Below are some records; quote exactly the lines from the one that contains "Creating a seamless" through the one that contains "droplet suspended above", inclusive, and no others.

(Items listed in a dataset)
- - -

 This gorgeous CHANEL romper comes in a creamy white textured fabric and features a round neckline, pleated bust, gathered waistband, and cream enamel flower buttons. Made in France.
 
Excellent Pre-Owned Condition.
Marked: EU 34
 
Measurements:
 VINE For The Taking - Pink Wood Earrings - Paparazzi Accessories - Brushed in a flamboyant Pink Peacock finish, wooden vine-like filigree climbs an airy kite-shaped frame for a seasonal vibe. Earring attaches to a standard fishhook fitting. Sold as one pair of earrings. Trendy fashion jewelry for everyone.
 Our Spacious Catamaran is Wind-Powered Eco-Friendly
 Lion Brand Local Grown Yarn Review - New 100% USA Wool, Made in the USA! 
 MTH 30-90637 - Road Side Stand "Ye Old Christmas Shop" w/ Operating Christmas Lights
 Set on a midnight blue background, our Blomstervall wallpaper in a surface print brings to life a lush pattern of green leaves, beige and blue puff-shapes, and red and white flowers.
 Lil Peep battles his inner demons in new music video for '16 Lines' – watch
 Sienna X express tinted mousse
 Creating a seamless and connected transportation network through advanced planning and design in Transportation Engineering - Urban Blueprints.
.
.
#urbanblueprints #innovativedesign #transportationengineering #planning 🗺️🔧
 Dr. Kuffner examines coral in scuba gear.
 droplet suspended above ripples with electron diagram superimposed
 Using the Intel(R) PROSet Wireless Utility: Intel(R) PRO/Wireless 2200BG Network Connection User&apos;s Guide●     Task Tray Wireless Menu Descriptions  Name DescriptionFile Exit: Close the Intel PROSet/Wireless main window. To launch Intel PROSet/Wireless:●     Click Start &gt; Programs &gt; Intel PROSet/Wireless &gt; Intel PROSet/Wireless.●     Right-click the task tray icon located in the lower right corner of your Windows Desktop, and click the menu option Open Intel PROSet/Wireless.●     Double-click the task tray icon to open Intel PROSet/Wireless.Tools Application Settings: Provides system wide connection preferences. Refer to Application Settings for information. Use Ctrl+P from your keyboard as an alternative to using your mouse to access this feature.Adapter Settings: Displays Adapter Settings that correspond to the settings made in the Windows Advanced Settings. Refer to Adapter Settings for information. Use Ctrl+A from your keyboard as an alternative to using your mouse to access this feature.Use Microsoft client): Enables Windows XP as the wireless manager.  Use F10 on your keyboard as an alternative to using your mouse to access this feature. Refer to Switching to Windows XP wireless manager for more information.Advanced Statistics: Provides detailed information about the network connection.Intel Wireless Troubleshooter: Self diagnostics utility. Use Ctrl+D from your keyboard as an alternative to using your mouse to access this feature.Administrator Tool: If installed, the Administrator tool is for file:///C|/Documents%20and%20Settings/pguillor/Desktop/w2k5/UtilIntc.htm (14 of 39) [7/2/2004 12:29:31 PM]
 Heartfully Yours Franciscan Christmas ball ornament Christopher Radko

- - -

▶ RESPONSE AREA
 Creating a seamless and connected transportation network through advanced planning and design in Transportation Engineering - Urban Blueprints.
.
.
#urbanblueprints #innovativedesign #transportationengineering #planning 🗺️🔧
 Dr. Kuffner examines coral in scuba gear.
 droplet suspended above ripples with electron diagram superimposed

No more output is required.